Re: Essential Iodine Displacement Deficiency Syndrome

HELL YEAH! You GO, Matt! I had no idea that you had a blog, I'm going to have to explore around a bit and get illuminated:) Thanks for popping by, you always raise the bar around these parts.

Yes.. halogen imbalance affects all beings...And we can certainly consider the bees as our canaries, can't we? here's a bit I dug up on Iodine metabolism in insects...


http://tinyurl.com/2j3qc9


Iodine metabolism and thyroid-related functions in organisms lacking thyroid follicles: are thyroid hormones also vitamins?

JG Eales
Department of Zoology, University of Manitoba, Winnipeg, Canada.

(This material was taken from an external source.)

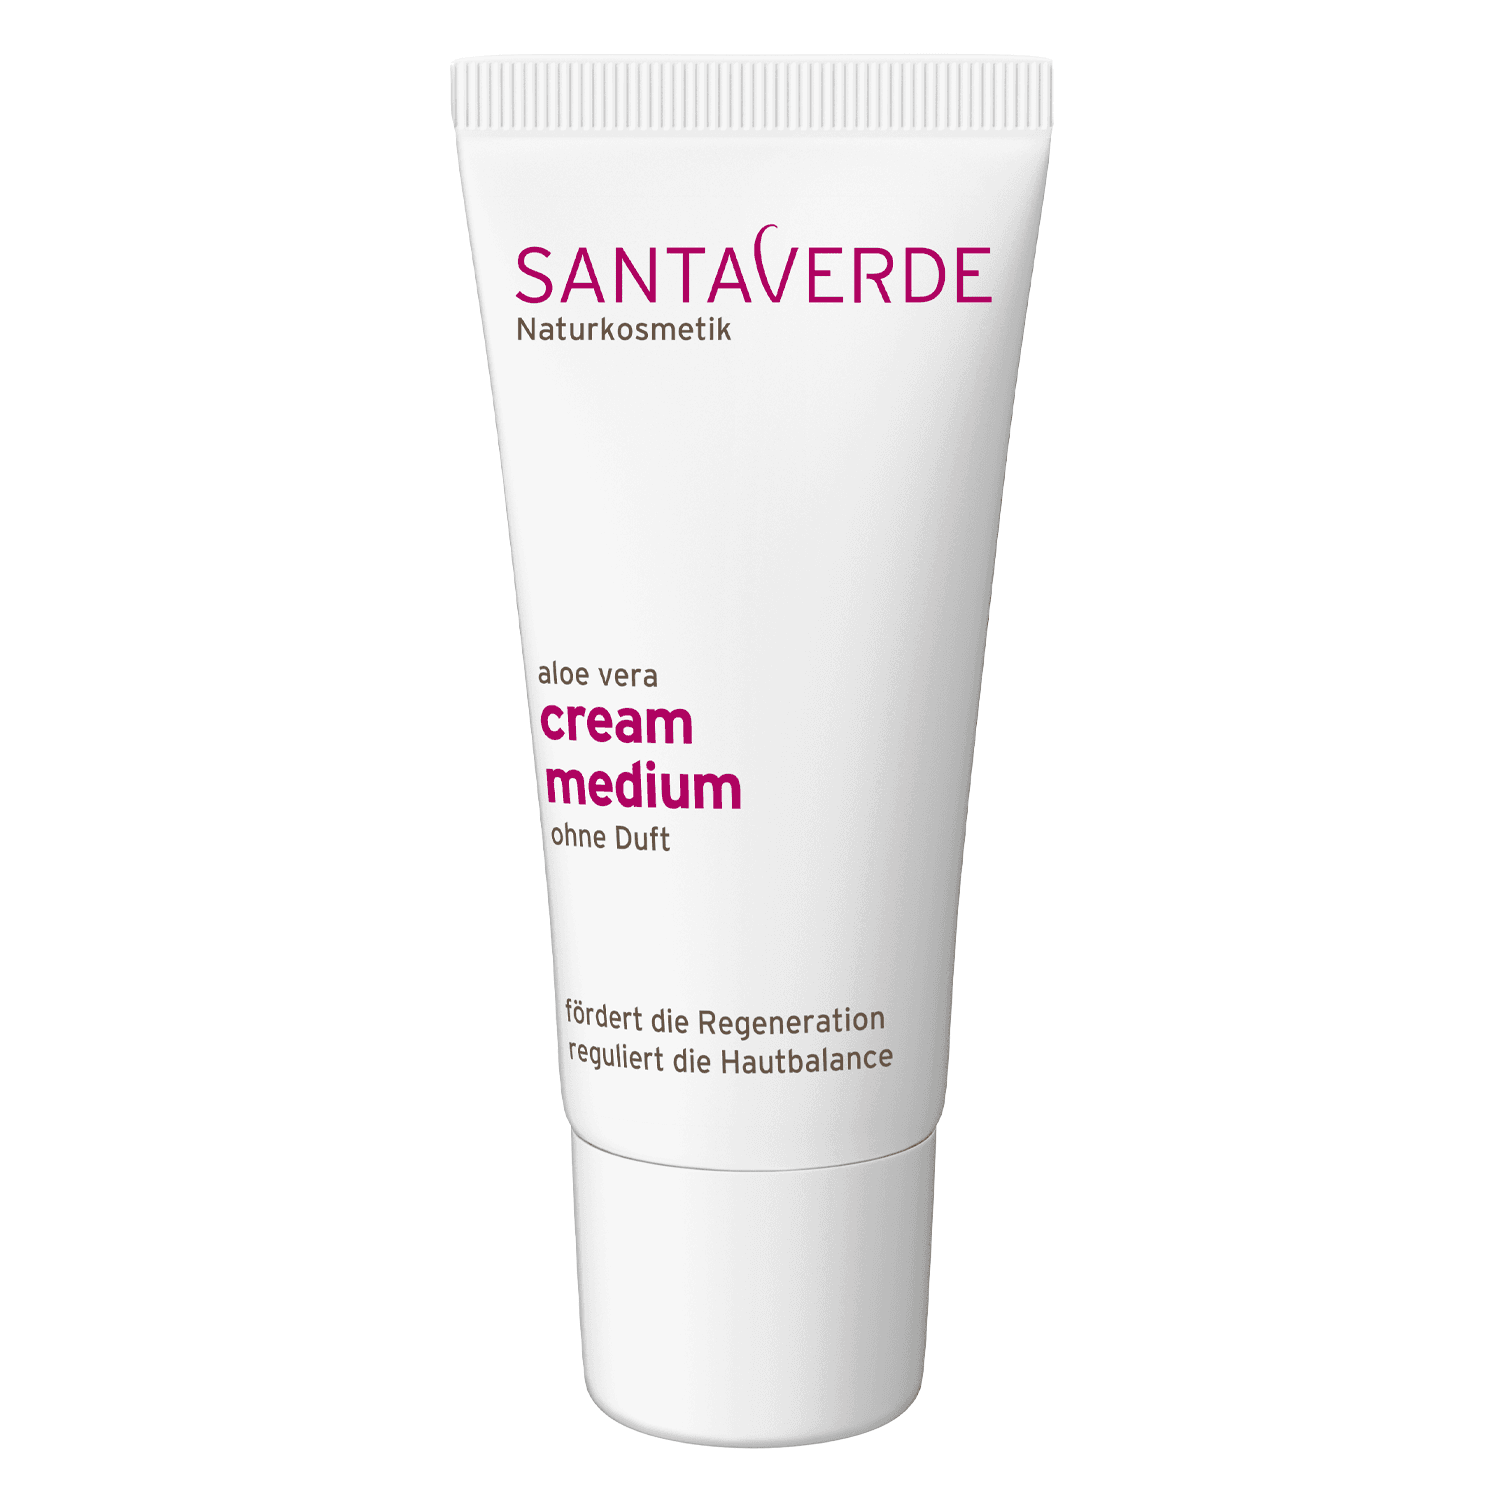 SANTAVERDE - aloe vera cream medium without fragrance

Thyroid-related functions in organisms devoid of follicular thyroid tissue have been reviewed. In the lamprey, a primitive vertebrate, the larva concentrates Iodide and synthesizes thyroid hormones (TH) by iodoperoxidase (IP)-mediated iodination of a thyroglobulin (TG)-like molecule in a subpharyngeal afollicular endostyle. The endostyle is the thyroid homolog, and it reorganizes into a follicular thyroid at metamorphosis to the adult. Ascidians and amphloxus, invertebrate protochordate relatives of vertebrates, also concentrate Iodide and synthesize TH in a subpharyngeal afollicular endostyle, but the endostyle never transforms to follicles. Ascidian plasma contains L- thyroxine and its more biologically active derivative 3,5,3'-triiodo-L- thyronine, and TH receptors exist, but TH effects are poorly understood. No other invertebrates possess an endostyle. Several invertebrates concentrate Iodide at other sites and form protein- incorporated iodohistidines and iodotyrosines; however, de novo iodothyronine biosynthesis through IP-mediated TG iodination has not been established. Nevertheless, TH occur in invertebrates, and exogenous iodothyrosines or iodothyronines have effects on jellyfish, insects, and sea urchins. Furthermore, gut bacteria metabolize TH, and plants may synthesize TH by nonenzymatic oxidative iodination. Thus, TH occur in many organisms and, after ingestion and enteric absorption, can enter the food chain. Indeed, sea urchin larvae obtain TH required to induce metamorphosis from plant diatoms. Thyroid hormones can therefore have vitamin-like effects and, in conjunction with vitamin D, and possibly with other steroids, may be more aptly termed vitamones. Availability of exogenous TH has implications for models of invertebrate and vertebrate TH metabolism and Iodine salvaging, and it may explain the prominent and probable ancestral role of peripheral mechanisms in regulating thyroidal status.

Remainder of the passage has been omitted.